Use American dialect. Use the serial comma. Use undo prevention.

The Disconnected Void is a room. The description is "You are alone to yourself, disconnected from all other things.[if unvisited]

bang bang bang a… sound? Coming from outside? Outside of the world? It’s like someone is slamming your head, though you can see nothing. Then, a distant voice,

‘You in there… wake up. Wake… you have to wake up. I’m just outside your casing. I’ve managed to get at least one Avatar working, use it to come find me. I’m nearly out of power now… must sleep… It’s up to you.’

(use ‘inhabit avatar’ to project yourself into the avatar)."

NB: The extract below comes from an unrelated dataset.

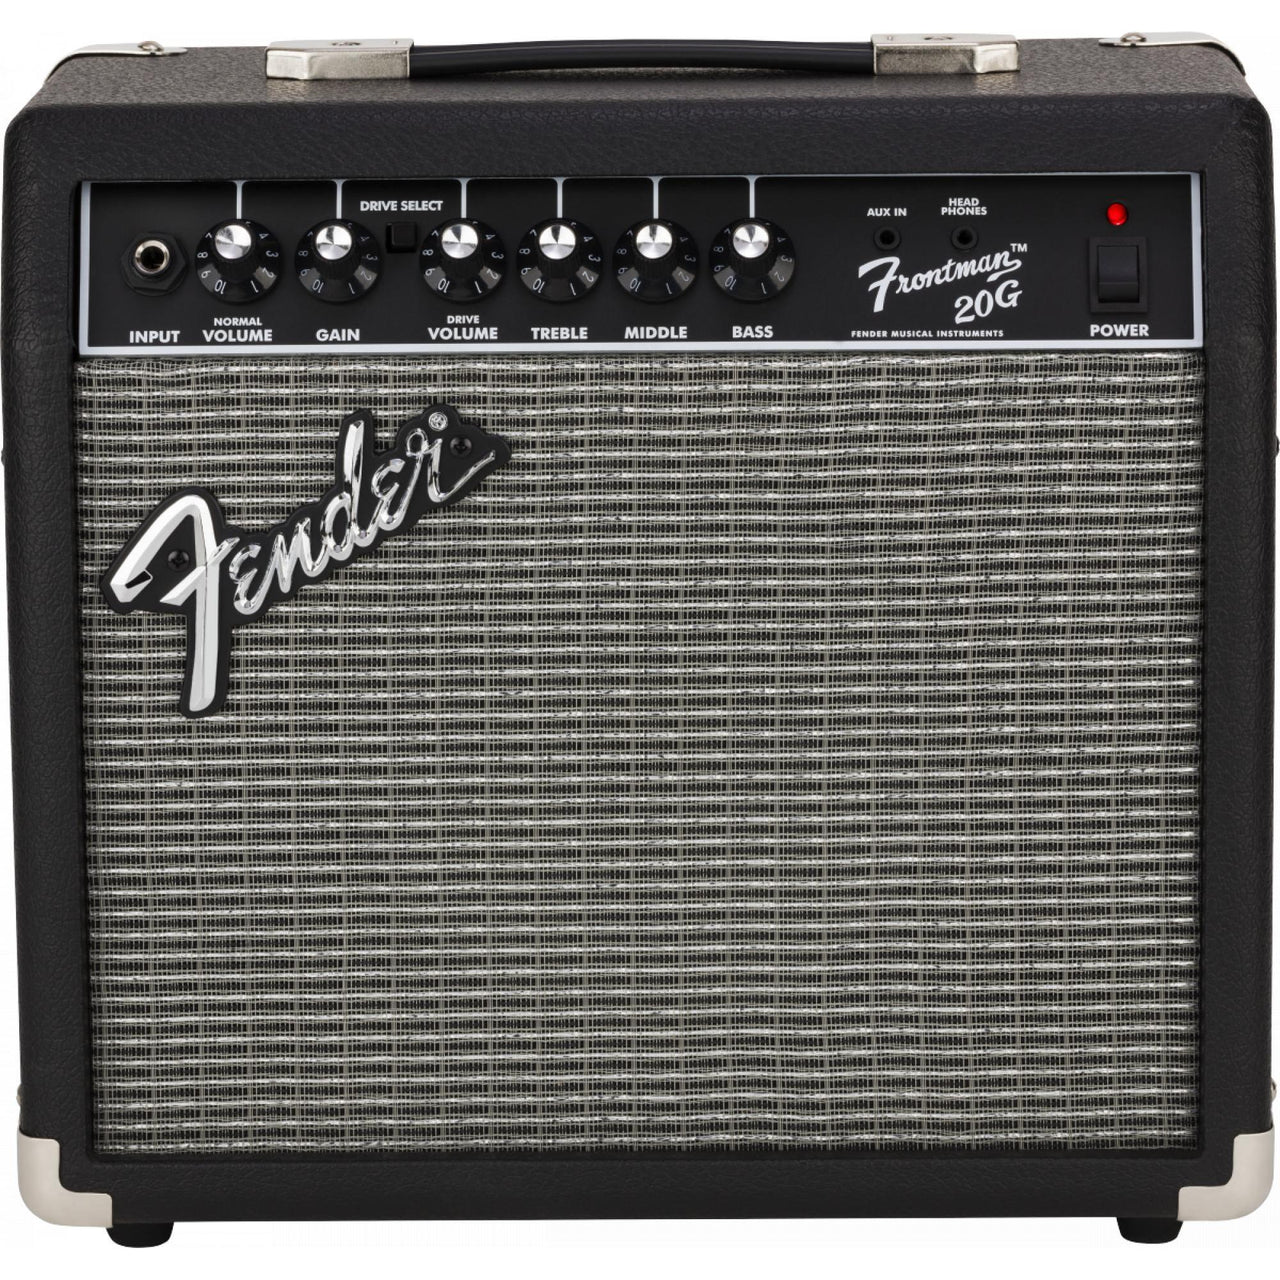 Amplificador Fender P/guitarra Frontman 20g 120v, 2311500000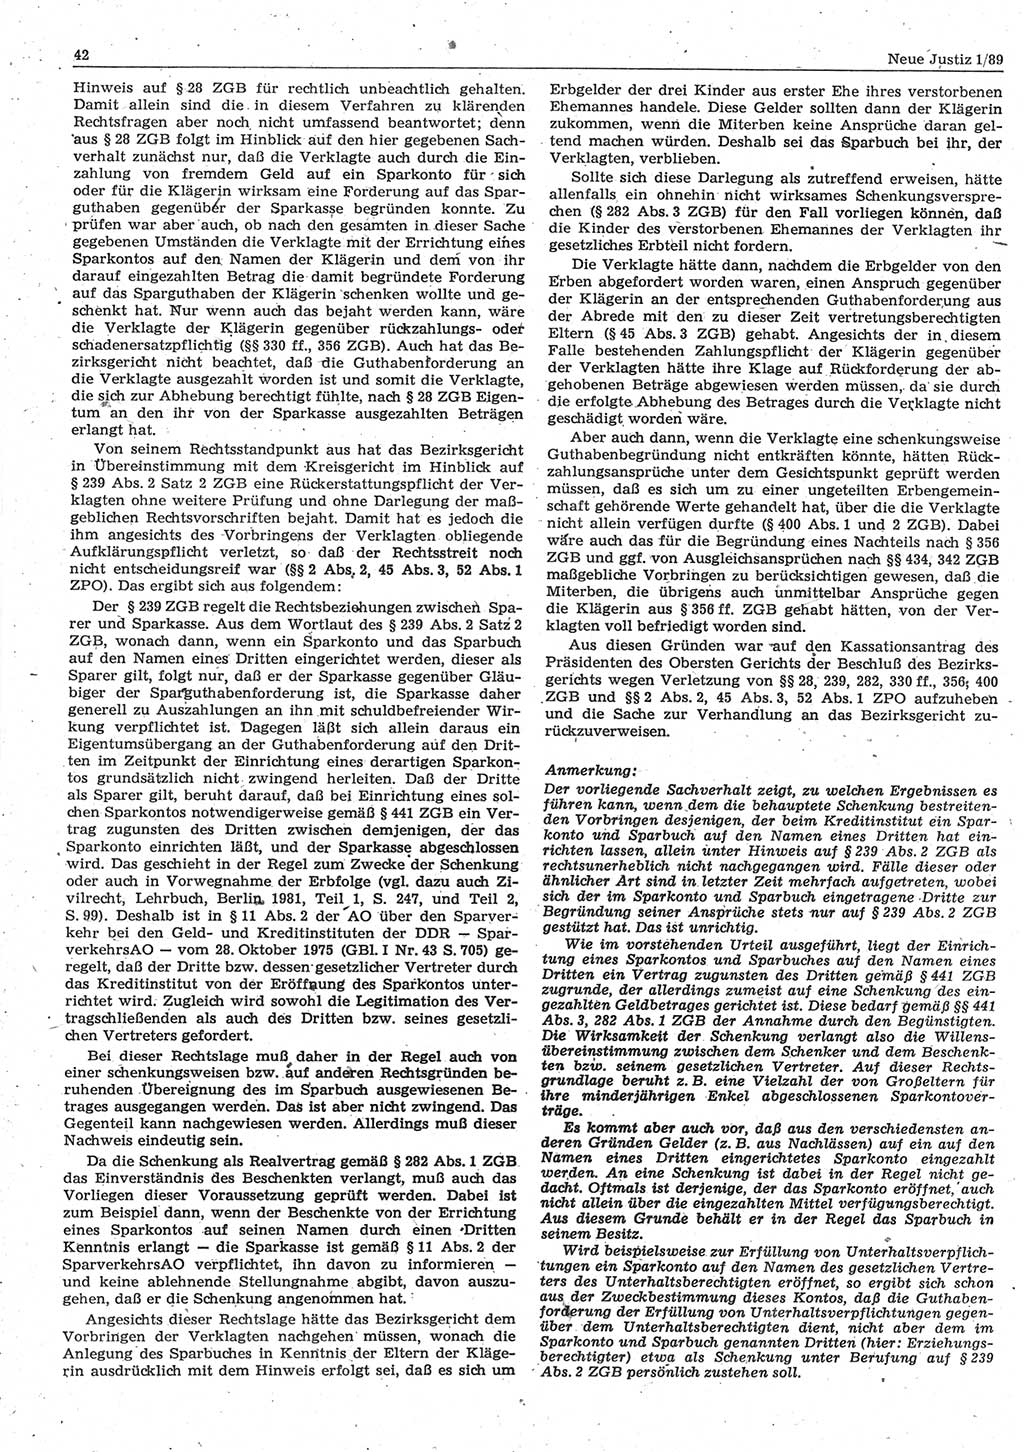 Neue Justiz (NJ), Zeitschrift für sozialistisches Recht und Gesetzlichkeit [Deutsche Demokratische Republik (DDR)], 43. Jahrgang 1989, Seite 42 (NJ DDR 1989, S. 42)

The player is in The Disconnected Void.

Deflector Control is a room. The description is “Someone once said that this place is not a ‘vital system’, but since it manages the primary defense grid of the ship, it seems pretty vital.”

In Deflector Control is a man called Avatar. In Deflector Control is a defense grid.

Understand “inhabit [any thing]” as inhabiting.

Inhabiting is an action applying to one visible thing.

Instead of inhabiting when the noun is not a person:
say “[The noun] isn’t a thing you can project your senses into!”

Instead of inhabiting:
say “You shift your senses, and now inhabit [the noun].”;
now the player is the noun;
try looking.

Instead of inhabiting the player:
say “You are already [printed name of the player].”[/code]

and we get:

(The more specific “instead of inhabiting” rules run before the general one, which is why the code blocks the cases we want blocked.)

So after telling you Inform can do this simply, that’s a lot of things to look out for! There are some tricks here, but I do think that the number of things Inform handles automatically here outweigh the tricksy bits.

Another way round Matt’s “you inhabit yourself” problem is to use the “printed name” property.

Carry out inhabiting:
        now the player is the actor.
Report an actor inhabiting:
	say "You shift your senses, and now inhabit [the printed name of the noun]."